Yottagray
Yottagray

Reputation: 2592

SQL Average Inter-arrival Time, Time Between Dates

I have a table with sequential timestamps:

2011-03-17 10:31:19

2011-03-17 10:45:49

2011-03-17 10:47:49 ...

I need to find the average time difference between each of these(there could be dozens) in seconds or whatever is easiest, I can work with it from there. So for example the above inter-arrival time for only the first two times would be 870 (14m 30s). For all three times it would be: (870 + 120)/2 = 445 (7m 25s).

A note, I am using postgreSQL 8.1.22 .

EDIT: The table I mention above is from a different query that is literally just a one-column list of timestamps

Upvotes: 7

Views: 6633

Answers (3)

pilcrow
pilcrow

Reputation: 58619

If you cannot upgrade to a version of PG that supports window functions, you may compute your table's sequential steps "the slow way."

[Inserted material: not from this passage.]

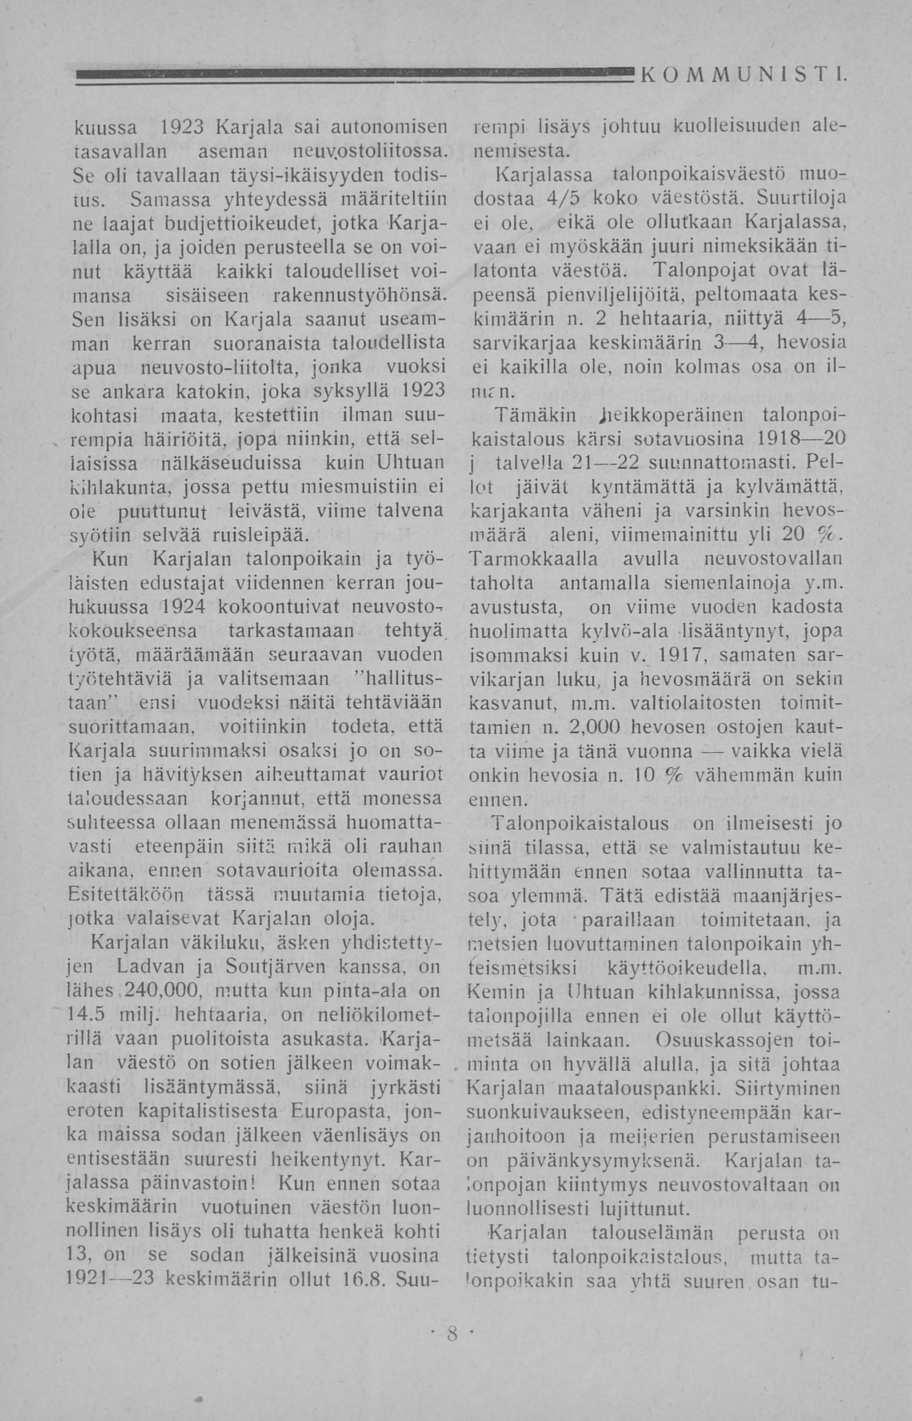 KOMMUNISTI. kuussa 1923 Karjala sai autonomisen tasavallan aseman neuvostoliitossa. Se oli tavallaan täysi-ikäisyyden todistus.

Assuming your table is "tbl" and your timestamp column is "ts":

SELECT AVG(t1 - t0)
  FROM (
        -- All this silliness would be moot if we could use
        -- `` lead(ts) over (order by ts) ''
        SELECT tbl.ts  AS t0,
               next.ts AS t1
          FROM tbl
         CROSS JOIN
               tbl next
         WHERE next.ts = (
                          SELECT MIN(ts)
                            FROM tbl subquery
                           WHERE subquery.ts > tbl.ts
                         )
       ) derived;

But don't do that. Its performance will be terrible. Please do what a_horse_with_no_name suggests, and use window functions.

Upvotes: 1

Bonshington
Bonshington

Reputation: 4032

i think u want to find avg(timestamptz).

my solution is avg(current - min value). but since result is interval, so add it to min value again.

SELECT  avg(target_col - (select min(target_col) from your_table))
        + (select min(target_col) from your_table)
FROM    your_table

Upvotes: 1

user330315
user330315

Reputation:

Not sure I understood your question completely, but this might be what you are looking for:

SELECT avg(difference)
FROM ( 
  SELECT timestamp_col - lag(timestamp_col) over (order by timestamp_col) as difference
  FROM your_table
) t

The inner query calculates the distance between each row and the preceding row. The result is an interval for each row in the table.

The outer query simply does an average over all differences.